What is Bounce Email? Hard Bounces vs. Soft Bounces : What’s the Difference?

When an email message comes back to the sender or is unable to get delivered to a particular email address from the recipient’s mail server. It is called a Bounce Email.

what is bounce email

When I first heard about email marketing, I was blown away by how many terms I was required to learn. I continued drawing blanks on what terms actually indicated, for the first few months I was learning about email marketing.

The terms that gave me the most difficulty? Hard and soft bounces. 

Certainly, I knew that these were email deliverability terms. One was bad, and one was not eternally bad. And somehow I always got them jumbled up with each other (even today, I have to do multiple checks to make sure I’m on-point).

And I doubt I’m not alone. Since hard and soft bounce rates are two of the most important email marketing metrics you should be tracking, here’s a quick overview of these two email marketing terms.

 

Hard Bounces vs. Soft Bounces: What’s the Difference?
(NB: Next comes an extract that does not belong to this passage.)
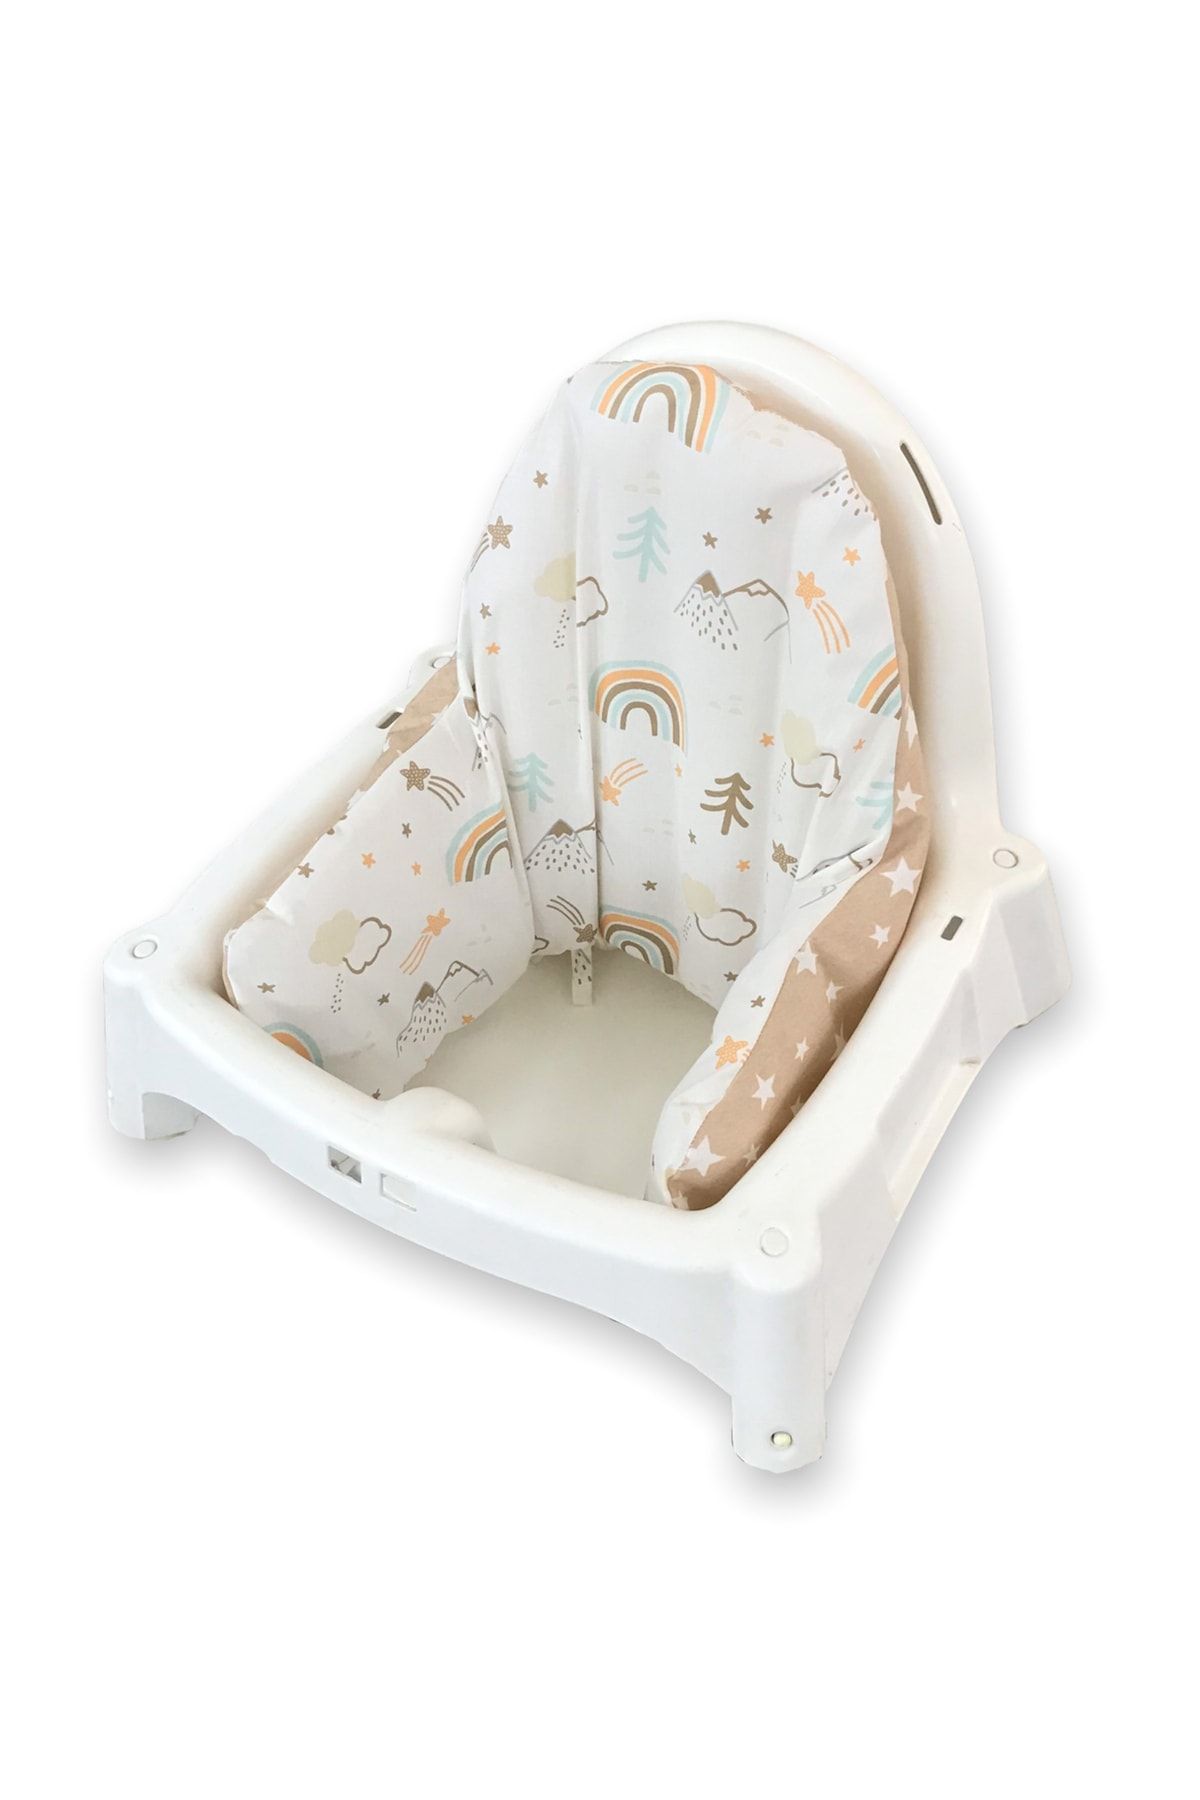 Bebek Özel Ikea Antılop Mama Sandalyesi Için Destek Minderi (kılıf + Iç Minder) Gökkuşağı

When an email bounces in usual, it indicates it can’t be delivered to an inbox. “Hard” and “soft” indicate the two groupings of failures: one’s more permanent, and one’s less permanent. 

hard bounce is an email that couldn’t be delivered for strong reasons. Maybe the email’s a fake address, perhaps the email domain isn’t a real domain, or possibly the email recipient’s server won’t accept emails. There are lots of reasons that an email could be a hard bounce, but the gist of it is that it’s a permanent failure. You should eliminate all of these addresses from your list (if you’re a Clearalist customer, we’ll ensure hard bounce addresses won’t receive emails from you so your sender reputation remains intact). 

soft bounce is an email that couldn’t be delivered because of temporary speculations. An inbox may be full or the email file might be too large, for different reasons. If they get a soft bounce on an email sent, most email providers will stretch to try to deliver the email over for a few days. You should keep an eye on these addresses — if you see that the same ones are popping up over and over again, it’s best to exclude them.

Try to manage your total bounce rate under 2% because if it gets higher than that, and you’ll begin noticing some deliverability issues. You can use an Email Verification Tool to maintain your email list and stop such bounces.

And that’s pretty much it. Hard bounces = permanent delivery failures, while Soft bounces = temporary deliverability failures. Not as difficult as it first seems, but definitely just as significant.